Congrats on getting through most of the application process and good luck getting courses this summer.  

I was too late for courses last summer.  I started parading with my unit in September and was put into pat (training) platoon.  Basically, we learned a lot of the stuff that we will be taught when we take BMQ in the future.  We were also exposed to some training that relates to our trade.  It's a good experience, especially working with some of the more experienced soldiers as you get a solid grasp of military life and your job before you're technically qualified.  

You may not have to wait for next summer to take your BMQ as I know some units offer this course during weekends in the winter.  

(I say all this from a Res perspective....and not from the same trade--I'm sure that there's others who can be more in depth than I)  
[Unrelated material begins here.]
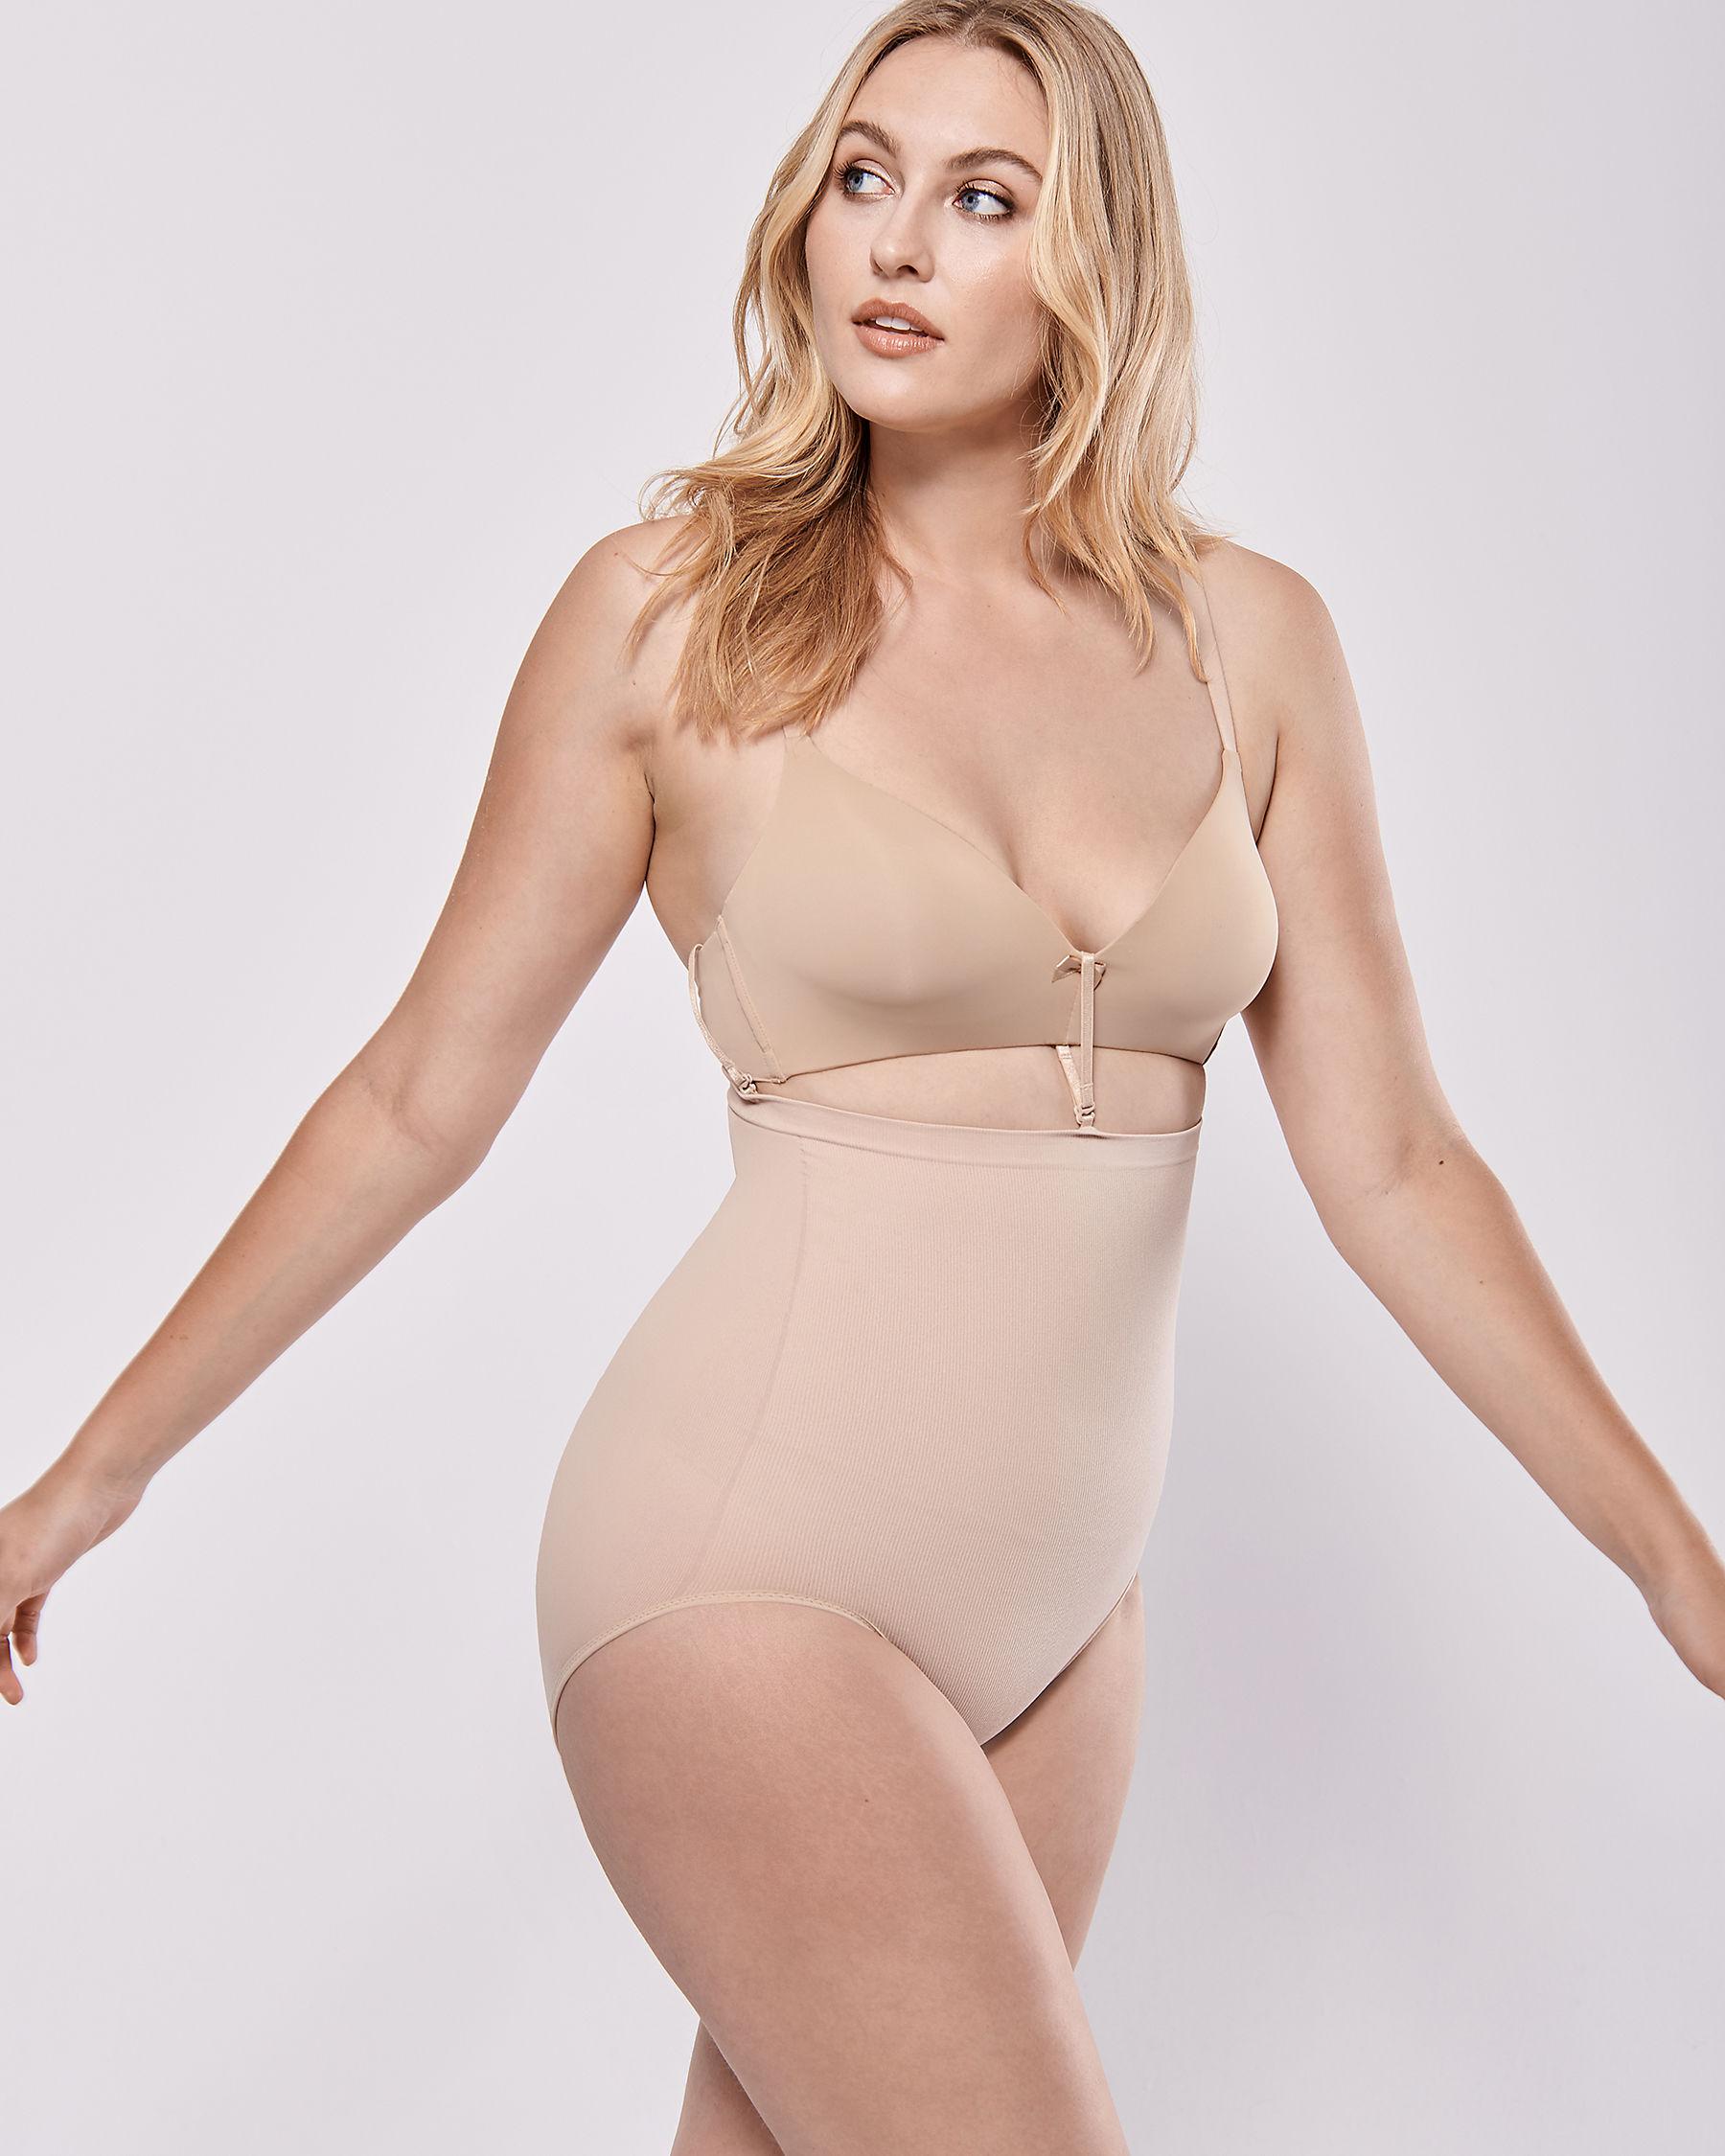 LA VIE EN ROSE Culotte bikini soutien léger Neutre 388-122-0-00 - Voir3

Once again, good luck.  I'm hoping for summer courses myself.....(been in for a year and I'm still not guaranteed a spot.... :rage 

DJ

edit: typo


----------



## phresh J (16 May 2005)

awsome thanks alot DJ, well im going to the 744 comm unit at Jericho beach Vancouver.  So I guess I'll just have to play the waiting game.


----------



## Theoat (16 May 2005)

Speaking from personal experience, I would say it will limit you as far as what you are permitted to do. This isn't necessarily a bad thing. I was with my unit for about 8 months prior to my bmq/sq, but was allowed to attend several weekends of training....mostly spent at base radio learning basics of VP, cooking and managed to see some det. set ups, etc. It really depends on what exercises your unit has planned for the training year(and what your trade is).
It definately gives you a heads up for your upcoming course. I am from 748 in Nanaimo so we work with your unit and 741 Victoria on occasion.


----------



## phresh J (17 May 2005)

Hey thanks guys for the help, another question.  What are the chances of getting a deployment as a Sig Op reservist?  Thanks again.


----------



## Theoat (17 May 2005)

From what I understand pretty good. I am taking my 3's course this summer so I haven't really looked into it yet. If you around your unit they should have a list of taskings available for you to look through. It will give you an idea of what's currently out there and what qualifications are needed for them. 
My unit just sent 4 people on tasking to Kingston for a year and may be sent on tour from there.


----------



## G-Fresh (18 May 2005)

Hey thanks guys for the help, another question.   What are the chances of getting a deployment as a Sig Op reservist?   Thanks again.   

Ref your question, I am a res sig op, been in for 4 1/2 years.  Went overseas when i was 18 (youngest on the camp).  If you have the time available to devote to the reserves and the deployment process along with the necessary trade skills, the oppurtunity for you to go overseas is very high.  There are several theatres open for you to go, OP DANACA (golan heights) and Op Athena (Kabul), I've also heard rumors that there may be another theatre opening up soon.  So if you want to go overseas, I suggest you get on the bus as soon as you can.  Talk to your Chain of command or ask you RFTA/ Ops.  Good Luck.

(And by the way, these theatres should be open for a couple more years)


----------



## RossF (18 May 2005)

Which deployment would you recommend? (If any)


----------



## George Wallace (18 May 2005)

RossF said:
			
		

> Which deployment would you recommend? (If any)



A 'Full Deployment' is prefered - Roman Candle effect is quite dangerous - you tend to hit the ground rather hard...... ;D


----------



## RossF (18 May 2005)

My apologies -- I meant which location would you recommend to be deployed to? (Afghan, Golan, etc.)


----------



## PuckChaser (19 May 2005)

Before, Golan Heights was the "training" tour. It was relatively easy, low stress, and got personnel used to deployment life. However, its closing down after countless years, so getting a tour there will be more difficult. I've seen news reports that suggest we're sending another 800 pers contingent to Afghanistan to deploy in Khandahar, so if you want a tour, that's where to apply.


----------



## Radop (21 May 2005)

I would argue that Golan is a horrible first tour as you get spoiled.  It should be a reward tour for someone later in their career.  You should experience life in Afghanistan, Bosnia, Rwanda, etc before going to Golan, MFO or any other "Club Med" site.


----------